Thursday, September 28, 2006


L. A. Rex by Will Beall

BOOK REVIEW


Superb fiction that hits home

Every so often, someone attempting a panorama gets it completely right. With the studied eye of a scientist still willing to dirty his hands in the field, Will Beall has given us




a Los Angeles without precedent. Precisely and brutally, he paints the colonies existing in the petri dish that is our city. You dare not look away from the faces strewn about this landscape.

Beall knows the origin and dialects of the gangs that flow through LAPD’s 77th division. Like Linnaeus, he knows the genealogy of the senior cops left behind after Daryl Gates’ wagon smashed head first into tectonic plates faster, larger, and more intractable than his own.

Beall knows how it smells on a still August night underneath the flight path above Imperial Highway, the stillness a pregnant pause between salvos.

But any motivated rookie can know these things within a few years. Without context, anecdote and skilled observation cannot approximate art. Beall provides it abundantly and reveals a very real talent as he shows us what happens when worlds collide south of the Santa Monica Freeway, that Mason-Dixon line dividing the white-collar from the no-collar.



Years ago, I stopped telling people about my work in the neighborhoods that are the foreground in L. A. Rex. Those who endlessly revised their own histories north of the 10 had no real interest in the darker world that lay beneath it.

Recently, I ate breakfast at the Pantry with an old friend, freshly paroled. Lino did a stretch for a crime he probably did not do. I suppose he was serving and protecting in his own way, in the only way he could. The details are not important.
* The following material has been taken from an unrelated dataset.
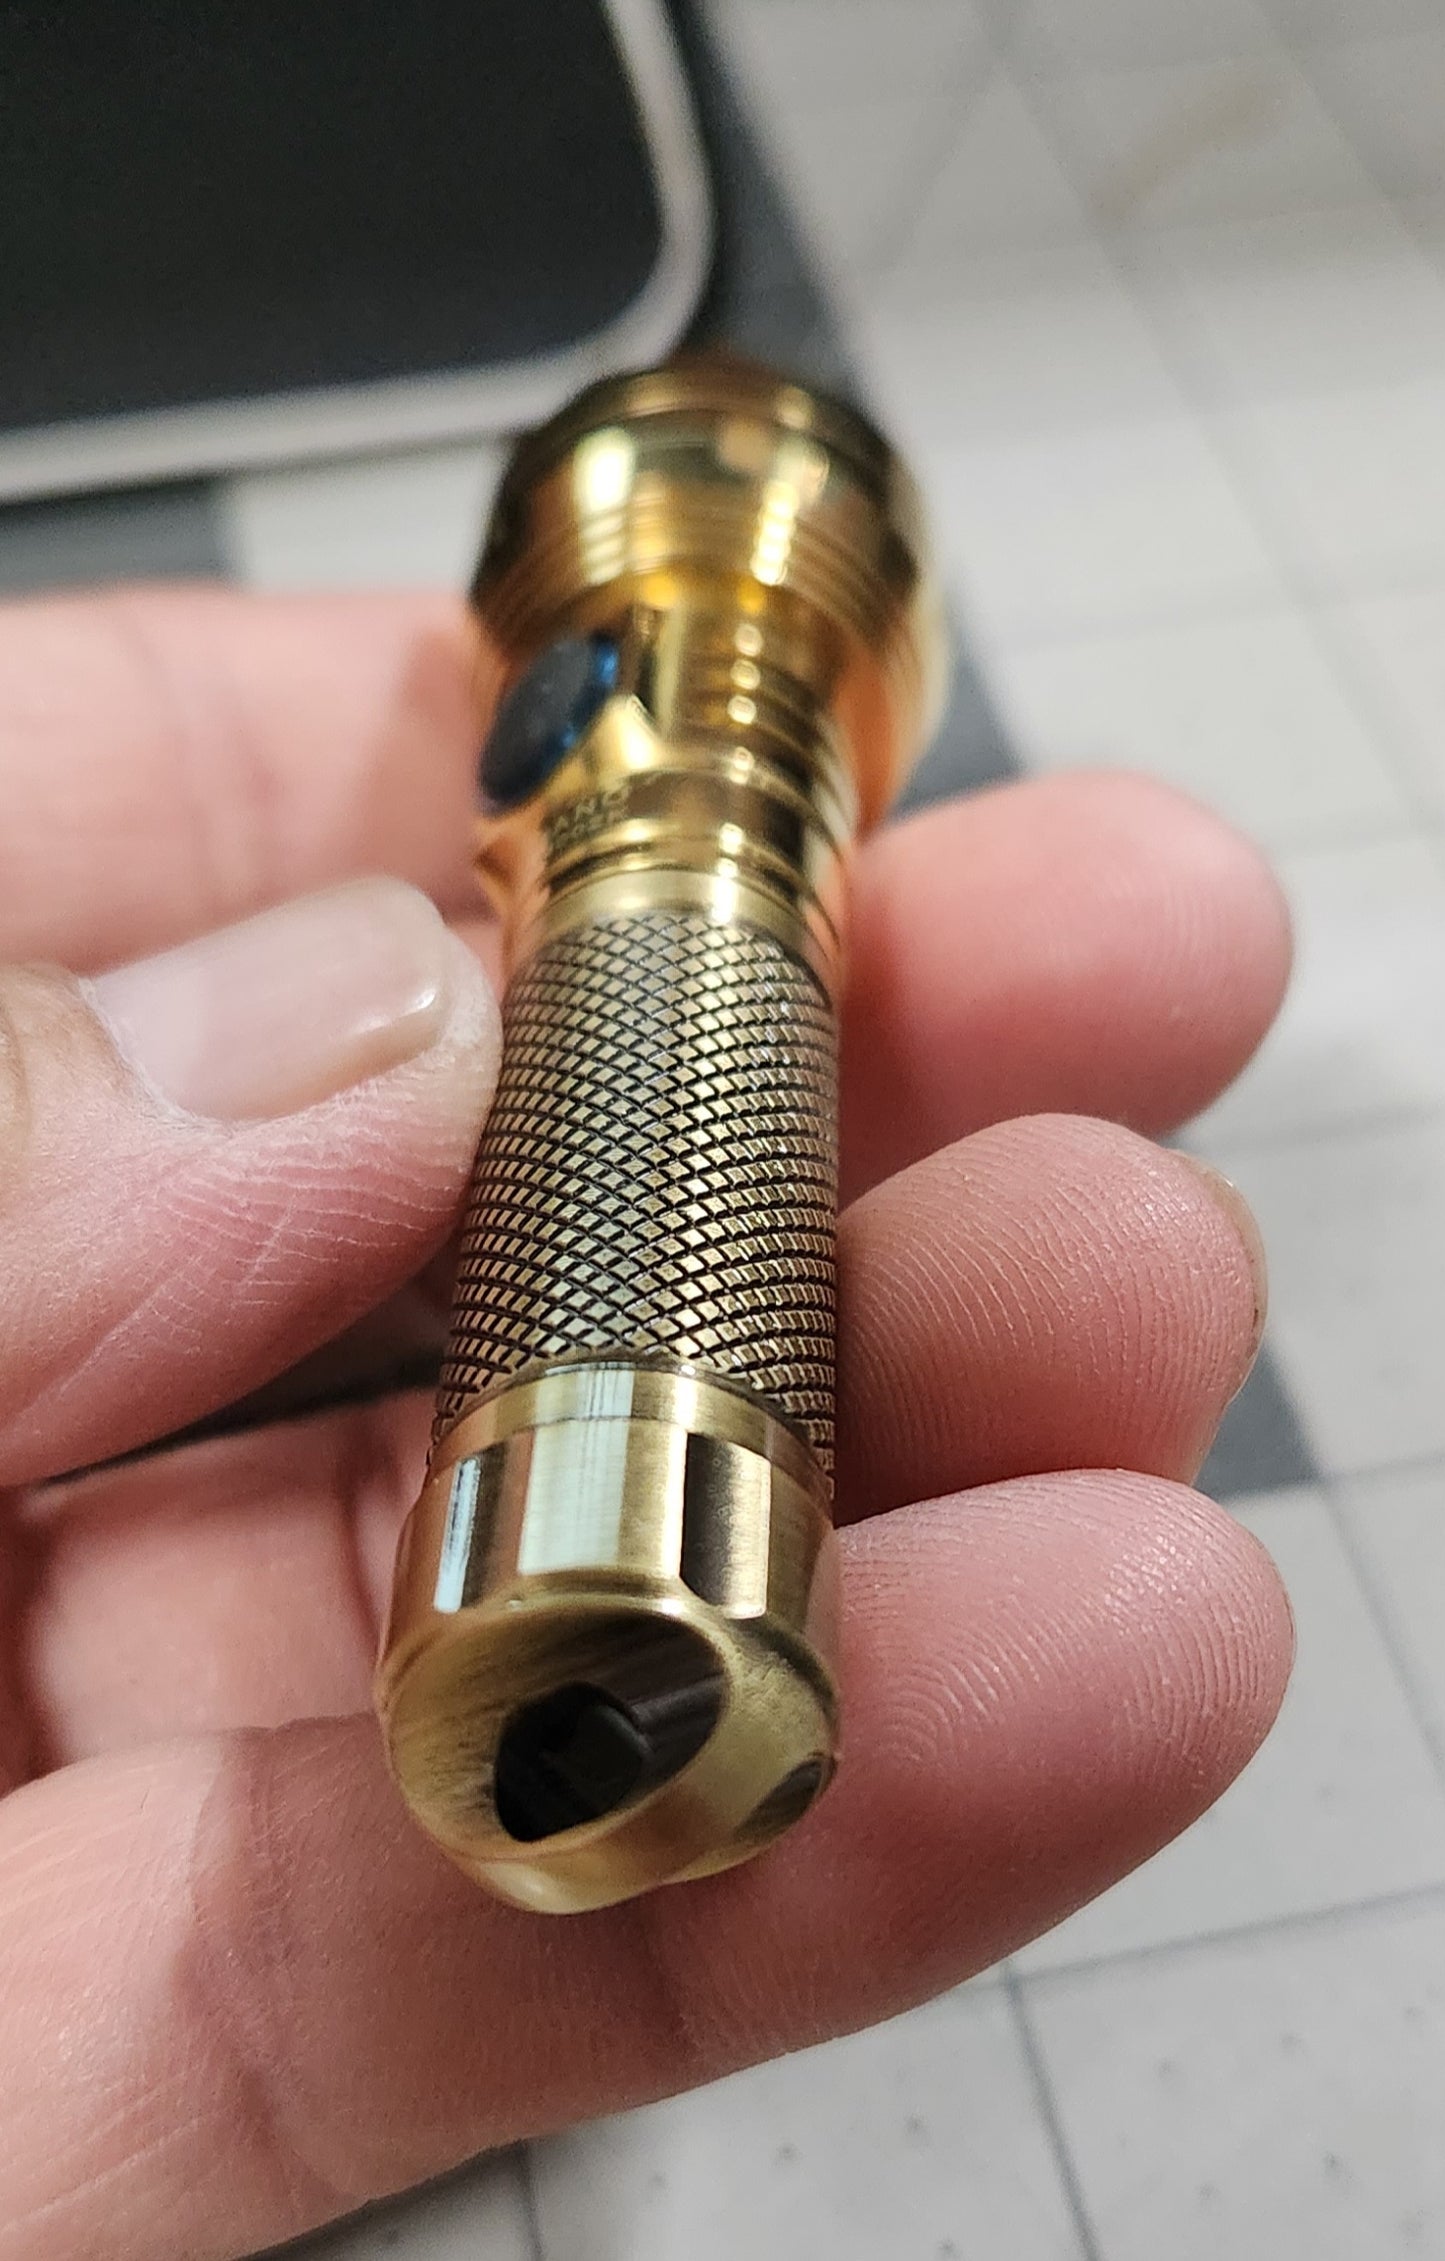 Lumintop GT Nano Copper OR Brass 450 Lumens EDC Keychain LED Flashlight
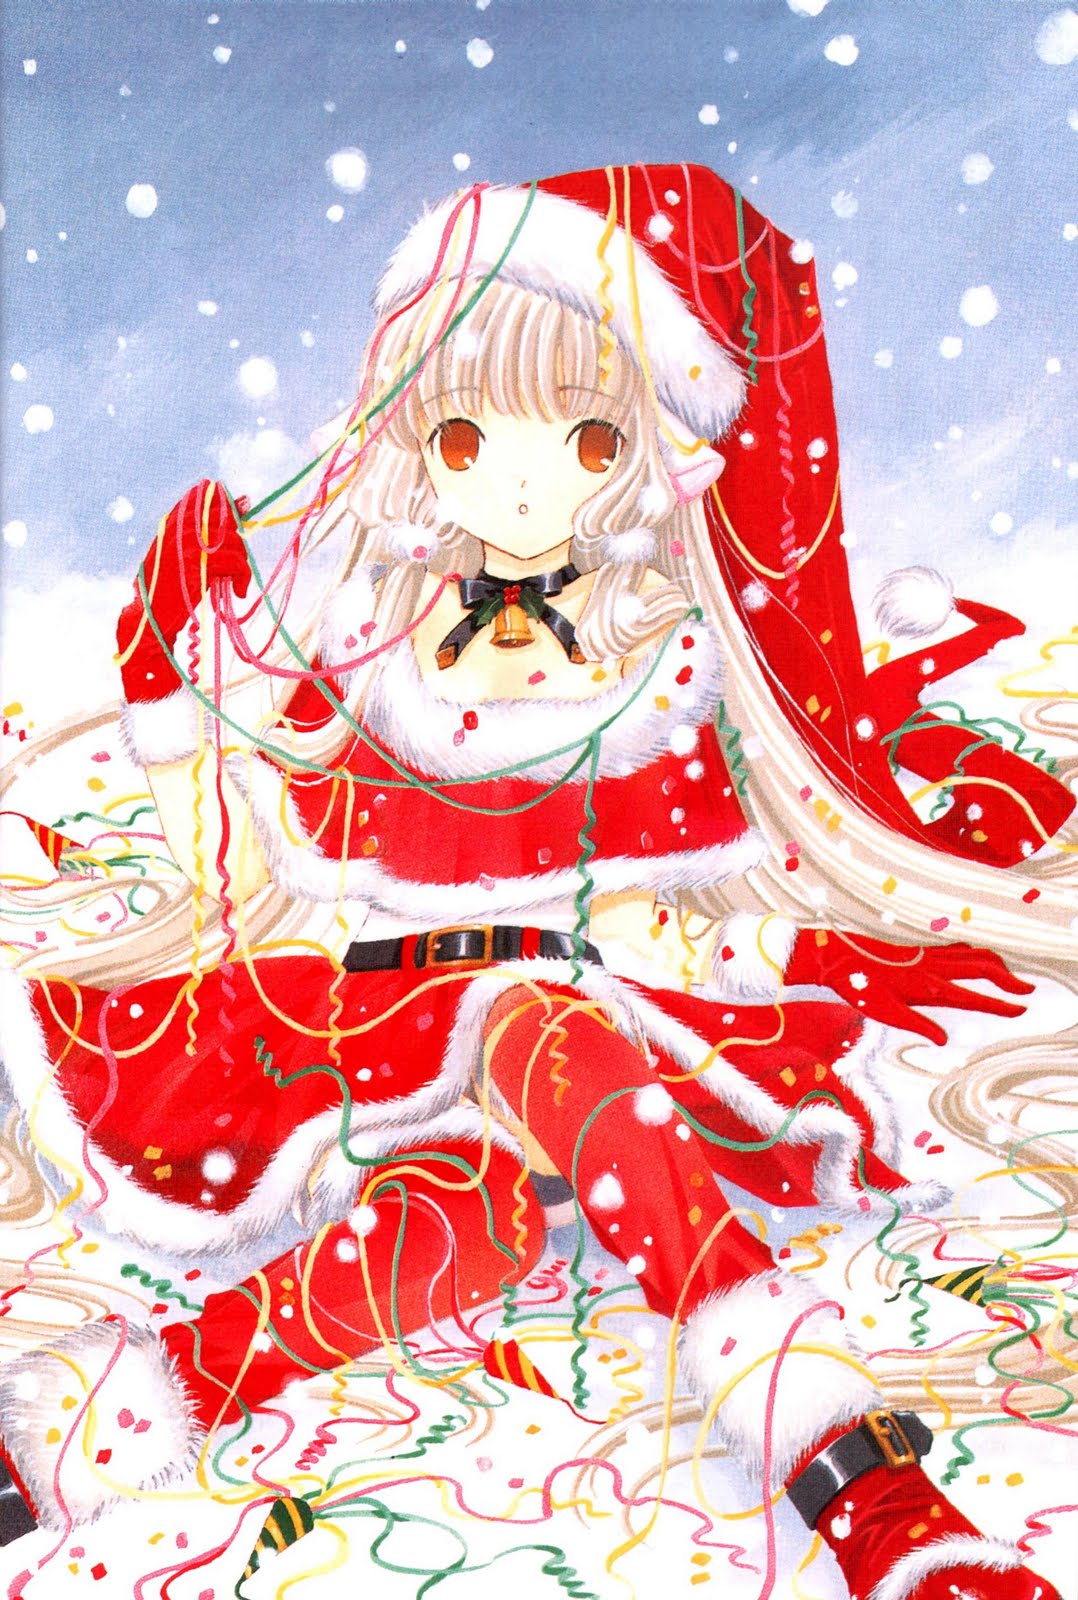 navidad anime wallpaper,dibujos animados,anime,nochebuena,ilustración,cg artwork

We ate at a table in the back. Sitting at the counter was not an option, his back would have been to the door. Though chiseled, Lino had the weariness of a black-maned lion, ground down by the very life that had given him definition.

“So. Are you going to stay in town? It’s changed more than you could imagine,” I asked, after we ordered. New, younger lions would come after him from every angle.

“Yeah,” he said, watching sugar dissolve into black coffee.

“Mexico’s not an option?”

“Look carnal, I was born in Sinaloa. But I’m from L. A. Intiendes?”



“Intiendo.” Lino had the tattoo to prove it, bigger than the letters on a Dodger cap.

Lunch arrived. We ate without speaking.

“You know, those books helped,” he said, not looking at his mashed potatoes.

“No problem.” Every year, I sent him a volume of Durant’s History of the World. Thirteen years. Thirteen volumes.

“I read them all, man. Every page.” he used a napkin to wipe steak sauce from his lips. “And this is how I look at it. L. A. is ancient Rome at it’s peak. Only modern, right?”

“Right.”



“We are the center of the universe, Holmes. As goes L. A., so goes the world. No, man, I missed too much already to be stuck in some pinche backwater province. I am a Roman. And in Rome I’ll die.”


If you read one work of fiction before the year is over, make it L. A. Rex.